Thank you, "Banshee", for responding to my comment. You are absolutely right that "it's natural and normal for all people to worry about language". I certainly do.

But the rules of grammar are surely rather like national borders. We need to have them and we will get into all sorts of difficulties if we try to ignore them. But also we need to acknowledge that the boundaries of what is grammatically acceptable and the boundaries of nation states are always provisional, always contested, always subject to change. (For example, the existing borders of the United Kingdom have only been in place for just over 100 years - to be exact, 100 years and five weeks.)
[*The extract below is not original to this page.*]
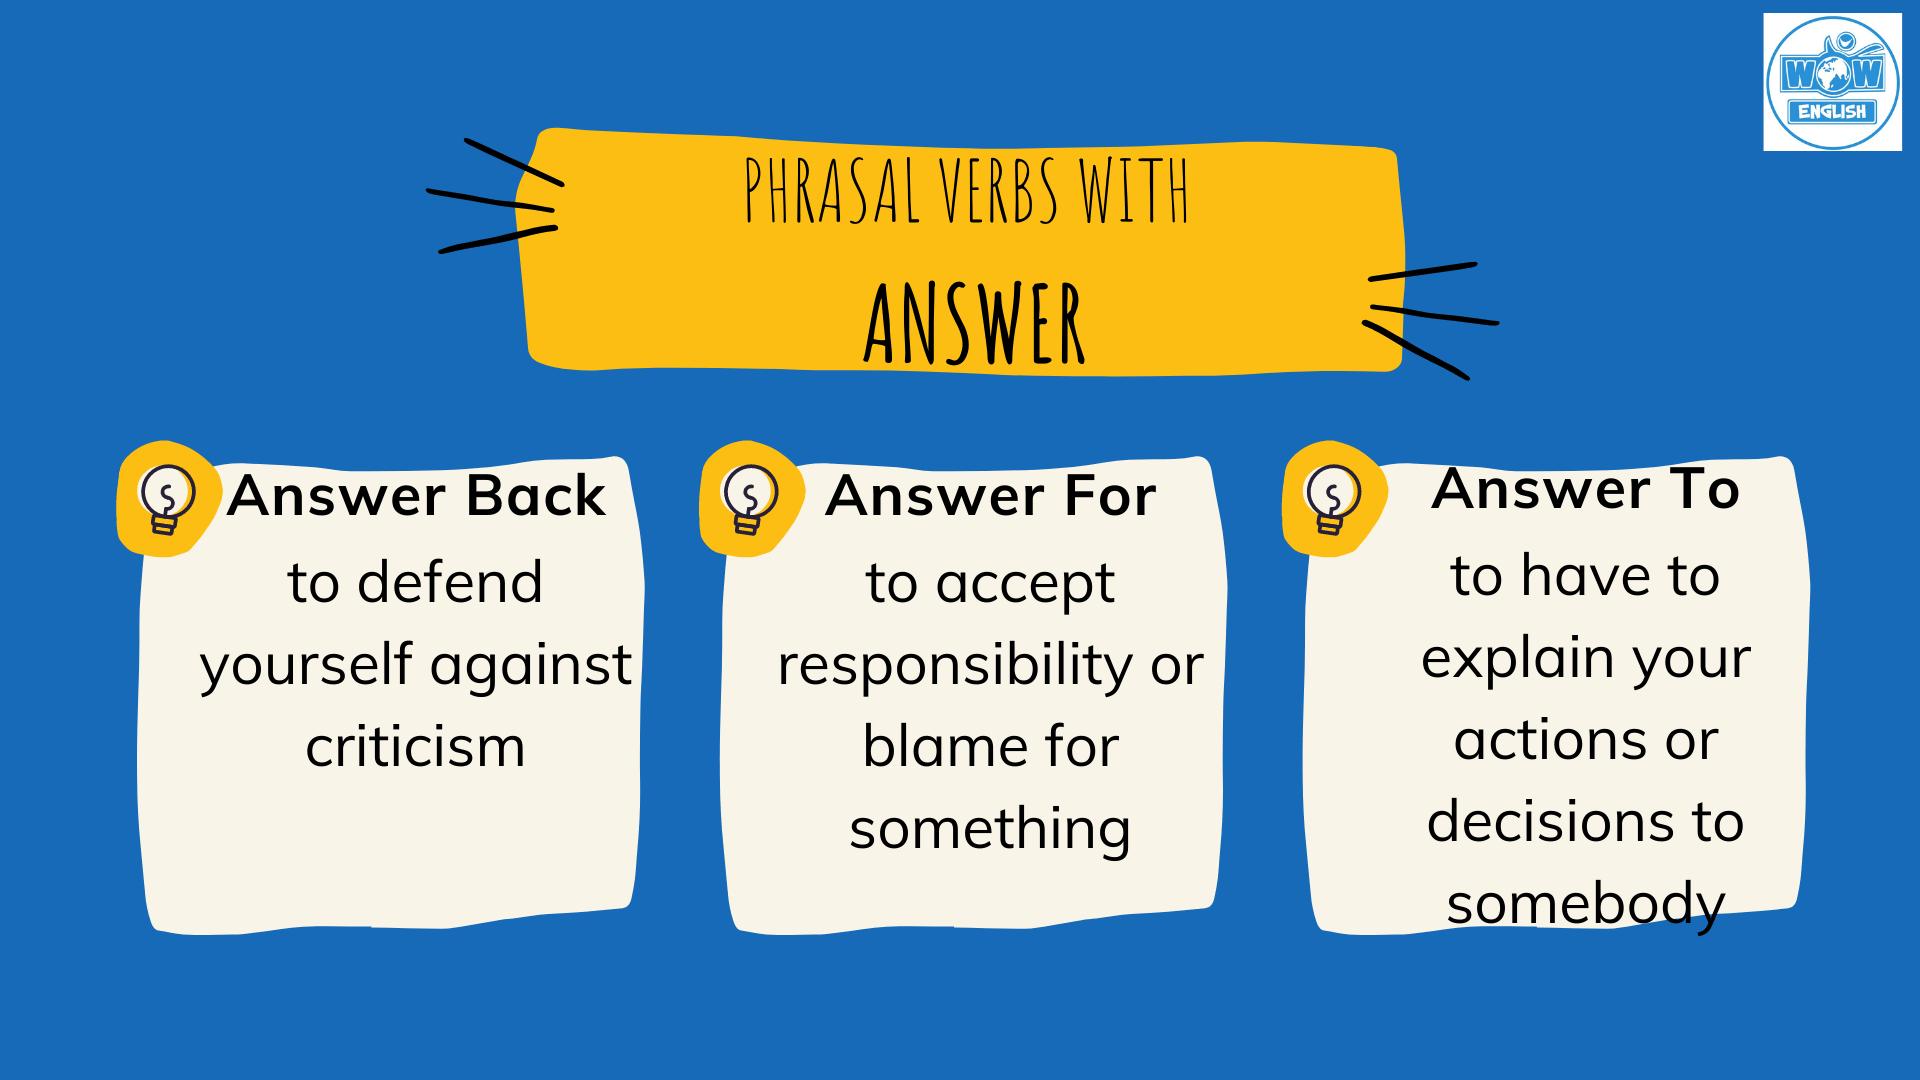 Answer đi với giới từ gì

I do not choose to predict which of the following will happen first: Northern Ireland will cease to be regarded as part of the United Kingdom and will instead become part of a united Ireland; "criteria" will cease to be regarded as a plural noun and will instead become a singular noun. (I think I heard someone say "criterias" on the radio last week!)

Change is inevitable, as is that distress that change can often cause to people of my sort of age.